There is a benefit to social distancing guidelines. It allows venues, that wouldn’t otherwise, get an opportunity to host collegiate-level baseball.

Utica High School baseball coach Michael Sandman, who has spent much of his short tenure fixing up American Legion Post 92 field. He didn’t get a chance to coach Utica on the field this spring because of the COVID-19 pandemic. So, he jumped at the opportunity to coach the Ohio Marlins collegiate team this summer.

He sold the field as a perfect spot for a collegiate game. So, Friday night at 6 p.m., the Marlins will host the Columbus-based TNT Knights.

“I give our team owner, Ryan Weaver, a lot of props on this one. It was just an idea that I floated out to him,” Sandman said. “It’s probably the only college game we’ll play there this summer. I pitched to him and he came and checked out the field and thought it looked great. Just the idea that we could bring really, really high-level baseball to Utica is really exciting to me. I’m really proud of the community and (it’ll) be awesome to have a big crowd there.”

Sandman is hoping to create a fun atmosphere. He’ll have two to three food trucks and kids who wear their summer league uniforms will get in for free.

“One of the big things that we’re promoting with it is that it’s so open, we’re going to have people bring their own chairs,” he said. “You can bring your own lawn chair or whatever and then (be able to) practice social distancing. There’s first-come, first-serve seating.
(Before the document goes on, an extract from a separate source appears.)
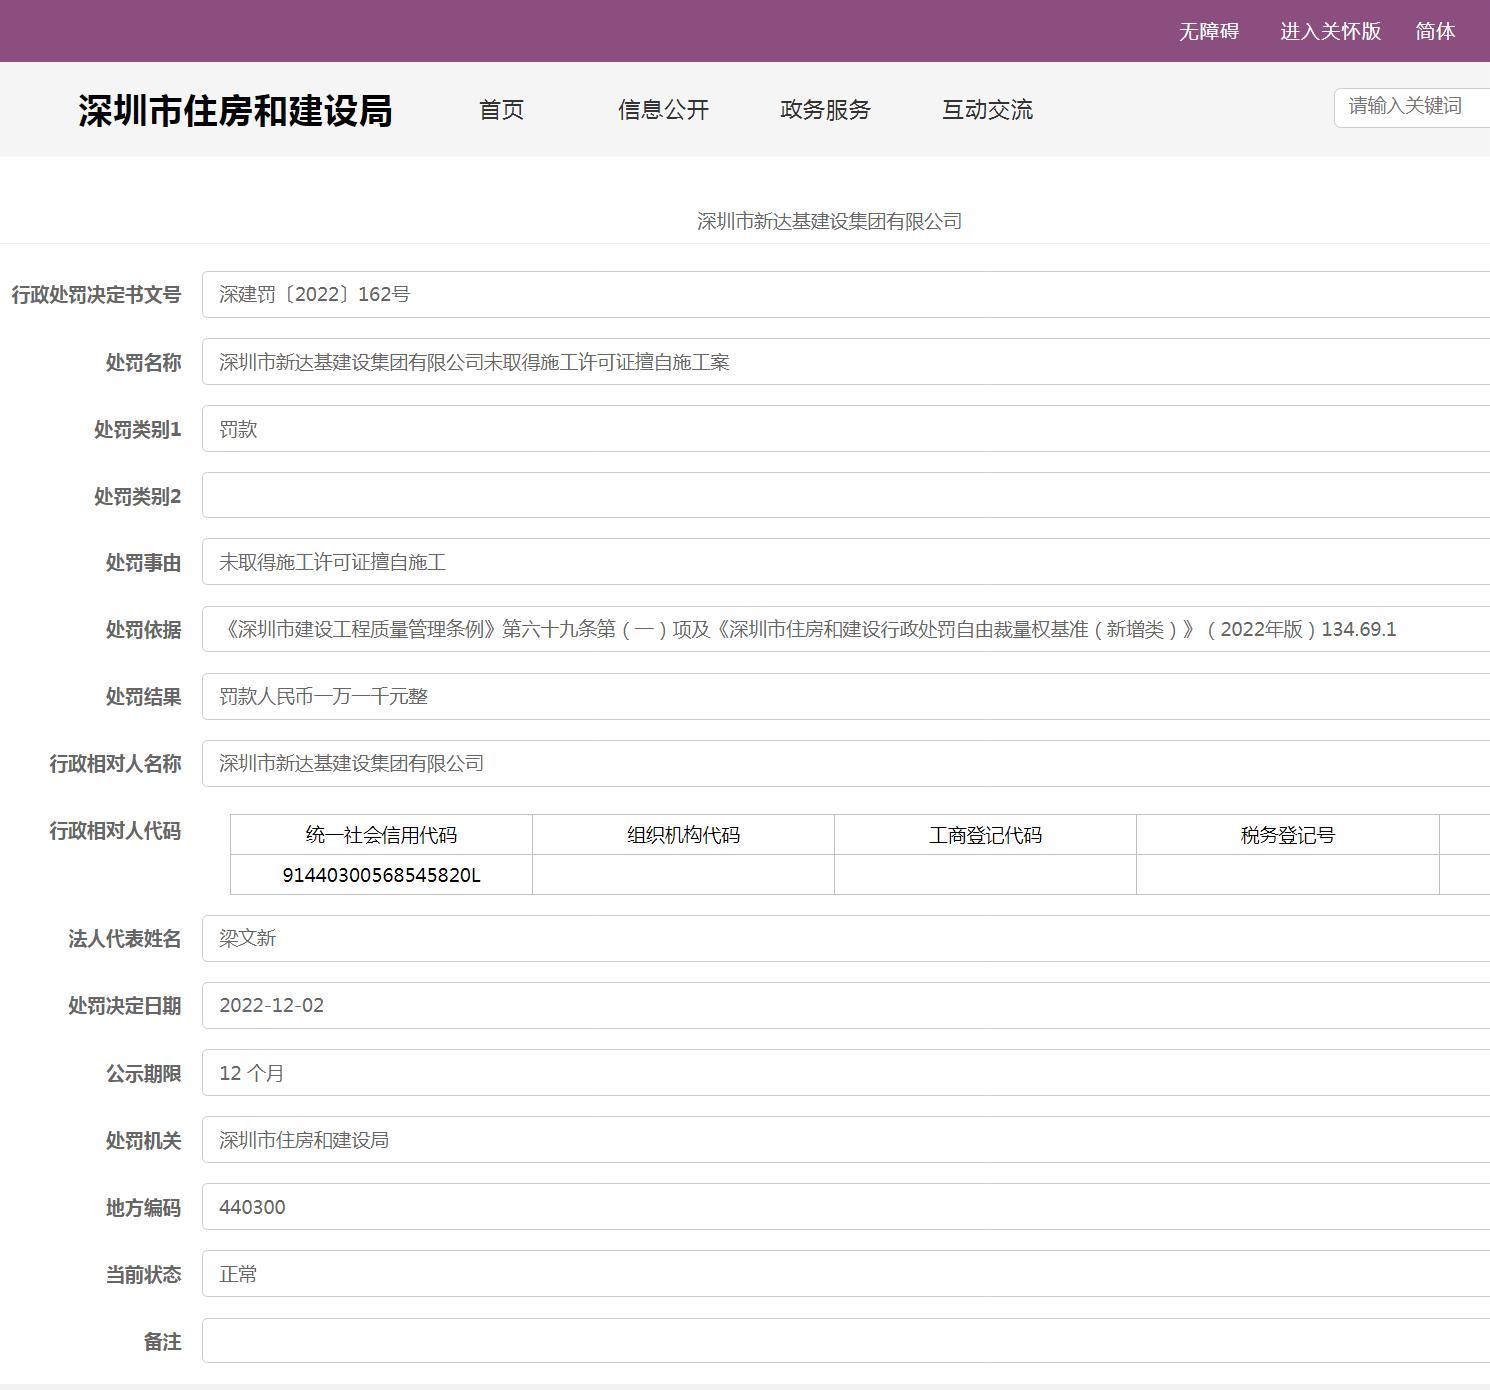 未取得施工许可证擅自施工 深圳市新达基建设集团有限公司被罚1.1万元

We’ll have the hillside all mowed down, so people can get in and pick their seats and then go eat some delicious truck food and then take in some high-level college baseball.”

The Marlins feature some local talent too in Garrett Robberts, who played high school ball at Utica, and Ashton Spurgeon, who played at Mount Vernon High School.

Robberts started his college career at Cuyahoga Community College before moving on to Ashland for his junior and senior seasons. He batted .299 with 11 doubles, two triples, three home runs and drove in 44 runs over 52 career games with the Eagles.

He made it 11 games into senior season before the season was canceled due to the coronavirus pandemic.

“I think it’ll be really neat for people in the area to get to see him right in their back yard,” Sandman said. “Garrett is a great player. He’s our starting third baseman and hits out of the cleanup spot. We use him as a pitcher too. He’s picked up two saves in the last week and he threw a complete game a couple of weeks back. He’s doing it all for us.”

Robberts was Ashland’s third basemen in its run to the Division II College World Series last season.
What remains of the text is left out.